The more we learn about the destruction inflicted by the quake, the more severe the economic consequences appear to be, at least in the short term. Noting that the disruption to production in Japan could last longer than originally anticipated, BofA Merrill Lynch downgraded is 2011 GDP growth forecast to 0.9% from 1.5%.Yet, like many economists, the Merrill guys believe the hit will be temporary. The economy, they argue, will come to see a positive boost from post-quake reconstruction, and they upgraded their 2012 growth projection to 2.8% from 2.0%.

That’s promising, but it is not a solution to Japan’s economic problems. Any bump from the rebuilding effort will likely be temporary as well; then I expect Japan will sink back into the malaise it has suffered through for 20 years. Unless, of course, Japan’s political leaders do something about it.

I’ve argued before that the reason behind Japan’s Lost Decades is an unwillingness to change an economic model that has become mismatched with the realities of Japan’s position in the global economy. Just as in the 1970s, policymakers remain devoted to exports driven, if possible, by a cheap yen, while doing little to tap growth in the domestic economy. That may have worked when Japan was a developing nation, but now, with costs high and competition from China and rest of Asia intensifying, Japan needs to find more varied sources of growth. But entrepreneurship remains stifled by bureaucratic red tape; consumers are prodded to save, not spend, in part by an uncertain social safety net; fear of opening the local market keeps the country at arm’s length from a high-growth Asia. Instead of undertaking the reforms necessary, Japan has chosen to pump up fiscal policy to keep the economy puttering on while ignoring hard decisions. The result is the highest government debt to GDP ratio in the developed world, at 200%, and rising concerns about a looming fiscal crisis.

There is little doubt in my mind that Japan will experience political convulsions from the quake and its aftermath, as Auslin suggests. Prime Minister Naoto Kan was already likely on his way out before the quake; if he knocked the response to the catastrophe out of the ballpark, he might have strengthened his administration. But there have been enough fumbles, especially in regard to the nuclear fiasco, that I can’t imagine he’s saved his job. That likely means a new PM (who would be the third since the Democratic Party of Japan took office in 2009), or perhaps a fresh general election. My guess is that the new leadership, whoever it might be, will face even louder demands for change from a voting public sick and tired of political inaction.

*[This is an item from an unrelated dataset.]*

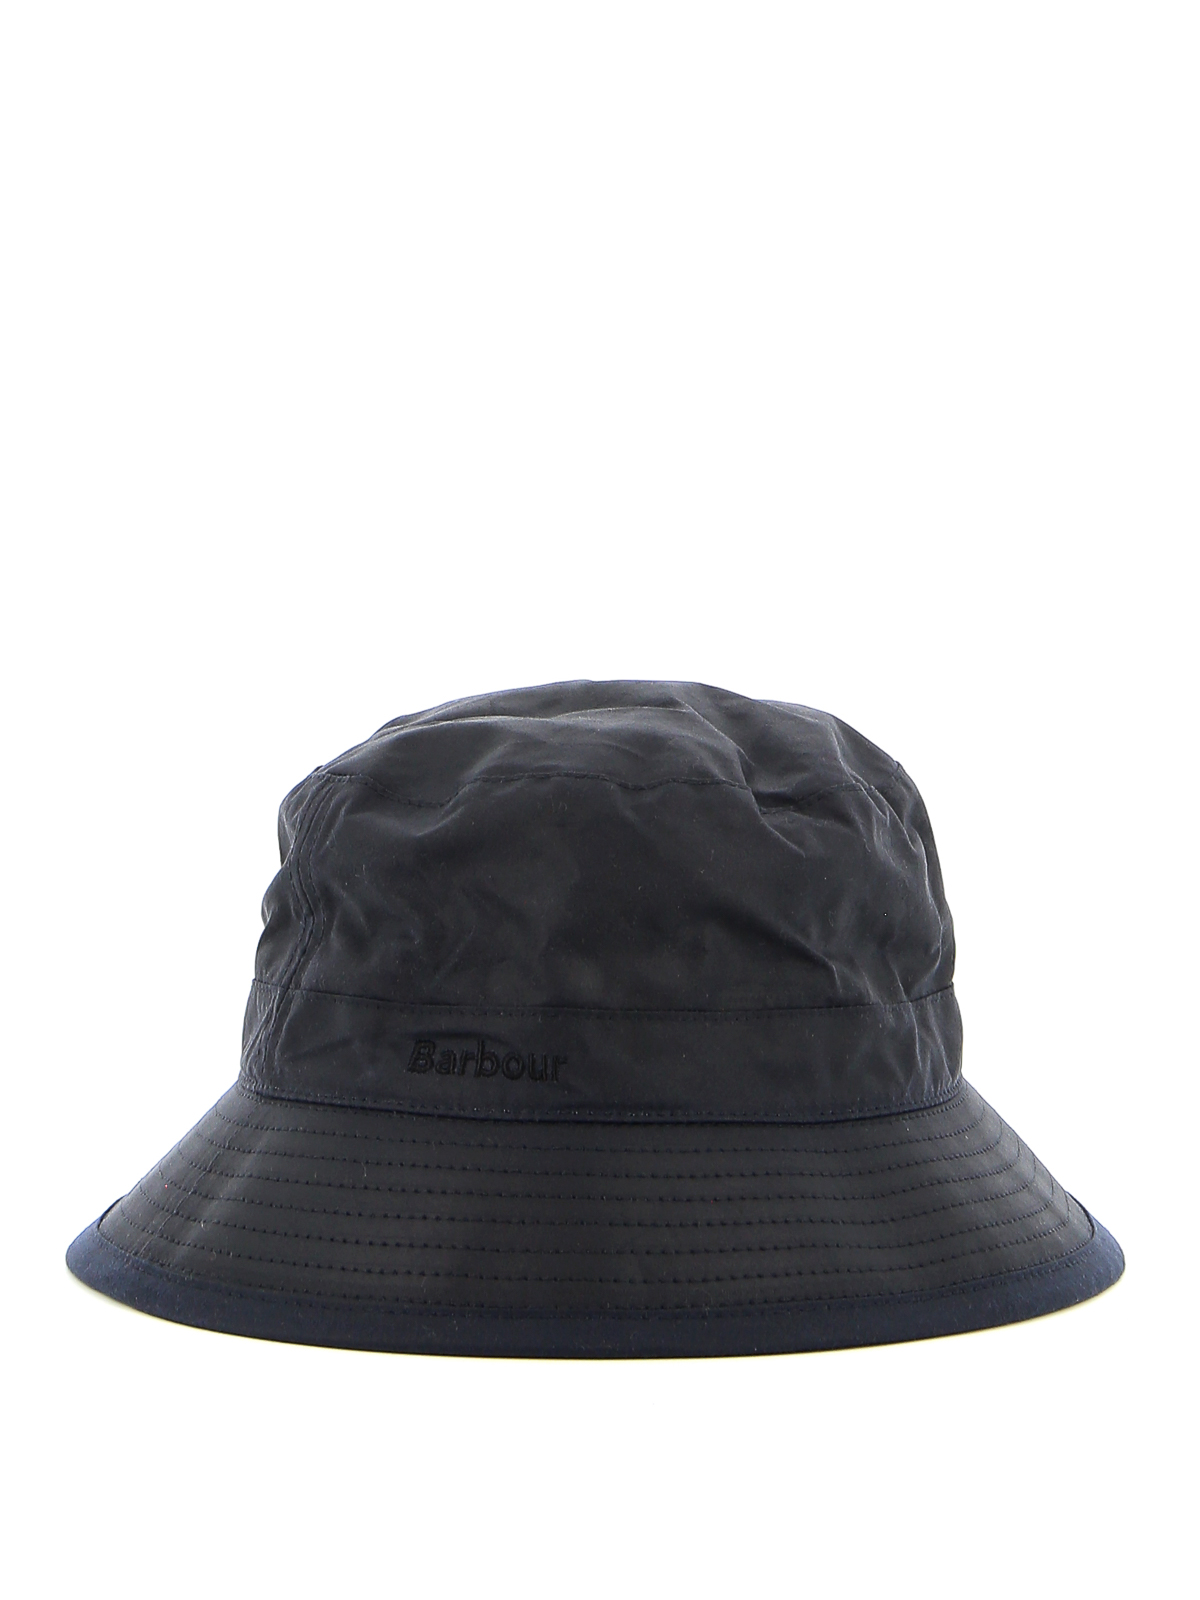 Barbour Wax Sport Fisherman Hat In Dark Blue

But will that lead finally to economic reform? If the quake ushers in a fresh political lineup with new, bold thinking on the future of Japan, then maybe. But I’m more inclined to think just the opposite will prove true. Whoever ends up running Japan might be incentivized to maintain the country’s economic model just how it is.

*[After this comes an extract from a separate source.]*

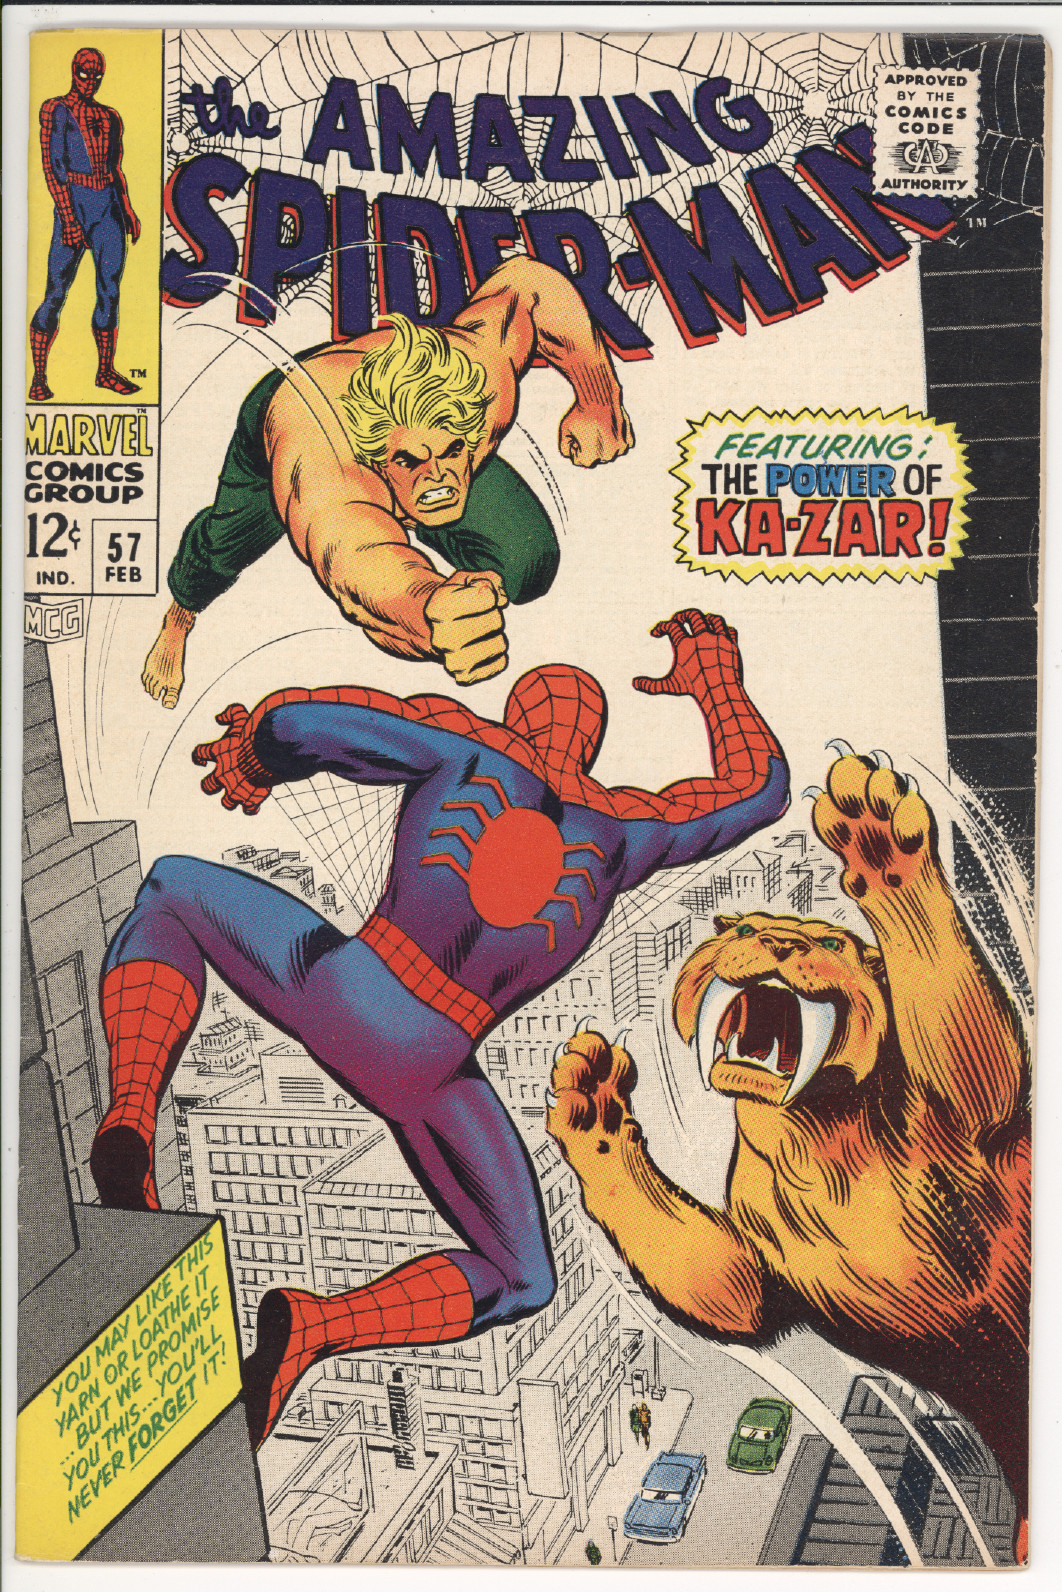 Amazing Spider-Man #57 front

Why is that? The country’s leaders, desperate to stimulate growth through this time of crisis, are more likely to favor old methods than try new, potentially risky, policies. Japanese policymakers like to create growth through a cheap yen and fiscal spending, and there is no indication that will change. Facing the need to rebuild infrastructure, the government will be able to boost growth with the budget, allowing the continued postponement of tough choices on reform. And the reconstruction effort will be another excuse to push off any serious action on the country’s feeble finances, even as state debt will continue to mount. Even more, will the country’s politicians be willing to implement policies that could dramatically alter the lives of a public already traumatized by the quake? For example, the government must confront the fierce opposition of farmers to free-trade policies in order to integrate more with Asia and liberalize the economy. Is that a politically dangerous battle the government will want to take on after farmers got hit by the tsunami?

This is, admittedly, wild speculation, and perhaps my view is overly cynical. My fear, though, is that Japan will use the current crisis as yet another reason to delay reform rather than embrace it.